Prefix search on all hstore values

From
Albert Chern
Date:
Hi,

I have an hstore column that stores a string in several arbitrary languages, so something like this:

"en" => "string in english", "zh" => "string in chinese", "fr" => "string in french"

Is it possible to construct an index that can be used to determine if a query string is a prefix of ANY of the values in the hstore?  From reading the documentation the closest I've gotten is a gin index after converting the values to an array, but that doesn't seem to work with prefix searching.  Any pointers would be much appreciated!

Thanks,
Albert

Re: Prefix search on all hstore values

From
Sergey Konoplev
Date:
On Wed, Nov 27, 2013 at 6:49 PM, Albert Chern <albert.chern@gmail.com> wrote:
> I have an hstore column that stores a string in several arbitrary languages,
> so something like this:
>
> "en" => "string in english", "zh" => "string in chinese", "fr" => "string in
> french"
>
> Is it possible to construct an index that can be used to determine if a
> query string is a prefix of ANY of the values in the hstore?  From reading
> the documentation the closest I've gotten is a gin index after converting
> the values to an array, but that doesn't seem to work with prefix searching.
> Any pointers would be much appreciated!

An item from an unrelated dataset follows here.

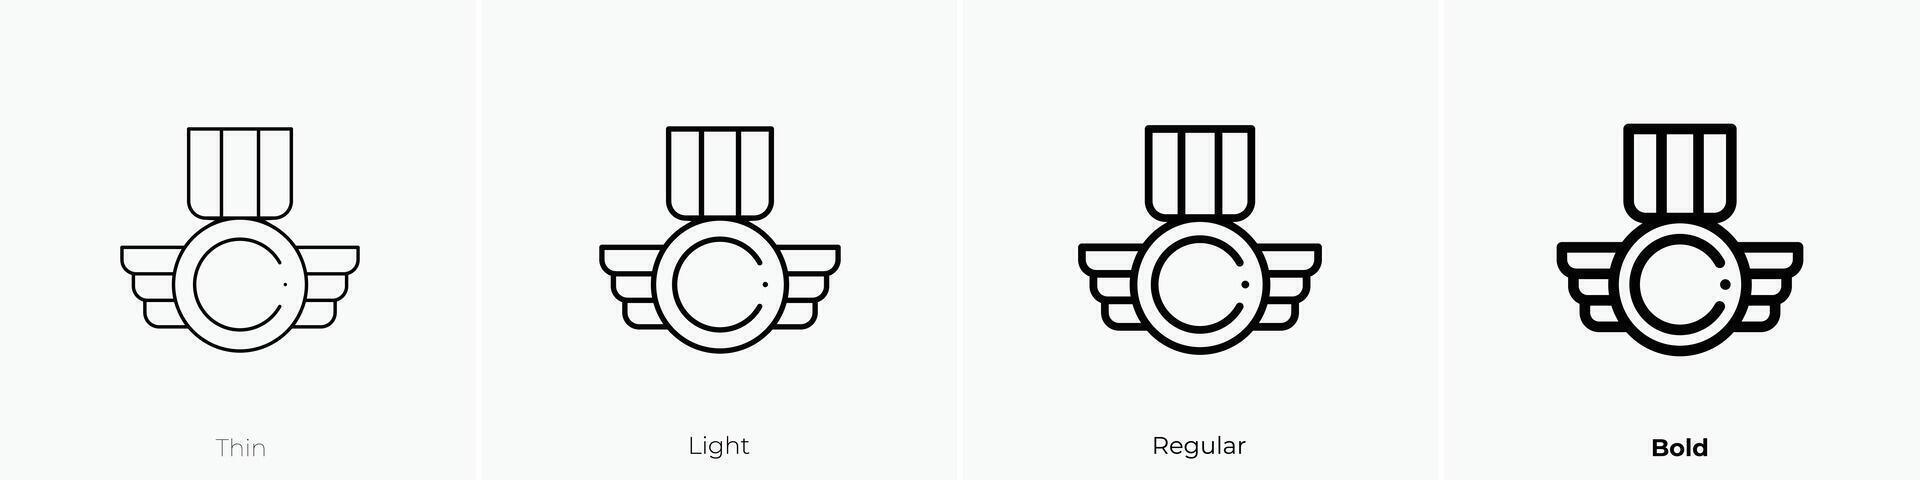 medalj ikon. tunn, ljus, regelbunden och djärv stil design isolerat på vit bakgrund vektor

The idea is to de-normalize the hstore_column to an assisting table
with 2 columns: original_record_id, hstore_column_value. And to create
a btree index on hstore_column_value that will effectively be used in
prefix search.

--
Kind regards,
Sergey Konoplev
PostgreSQL Consultant and DBA

http://www.linkedin.com/in/grayhemp
+1 (415) 867-9984, +7 (901) 903-0499, +7 (988) 888-1979
gray.ru@gmail.com


Re: Prefix search on all hstore values

From
Teodor Sigaev
Date:
Hi!

Full-text search has this feature.

# select to_tsvector('en_name=>yes, fr_name=>oui'::hstore::text) @@ 'en:*';
  ?column?
----------
  t


or (index only keys)

select to_tsvector(akeys('en_name=>yes, fr_name=>oui'::hstore)::text) @@ 'en:*';
  ?column?
----------
  t

To speed up this queries you use functional indexes.


Albert Chern wrote:
> Hi,
>
> I have an hstore column that stores a string in several arbitrary languages, so
> something like this:
>
> "en" => "string in english", "zh" => "string in chinese", "fr" => "string in french"
>
> Is it possible to construct an index that can be used to determine if a query
> string is a prefix of ANY of the values in the hstore?  From reading the
> documentation the closest I've gotten is a gin index after converting the values
> to an array, but that doesn't seem to work with prefix searching.  Any pointers
> would be much appreciated!
>
> Thanks,
> Albert

--
Teodor Sigaev                                   E-mail: teodor@sigaev.ru
                                                    WWW: http://www.sigaev.ru/


Re: Prefix search on all hstore values

From
Sergey Konoplev
Date:
On Thu, Nov 28, 2013 at 12:44 AM, Teodor Sigaev <teodor@sigaev.ru> wrote:
> Full-text search has this feature.
>
> # select to_tsvector('en_name=>yes, fr_name=>oui'::hstore::text) @@ 'en:*';
>  ?column?
> ----------
>  t
>
> or (index only keys)
>
> select to_tsvector(akeys('en_name=>yes, fr_name=>oui'::hstore)::text) @@
> 'en:*';
>  ?column?
> ----------
>  t
>
> To speed up this queries you use functional indexes.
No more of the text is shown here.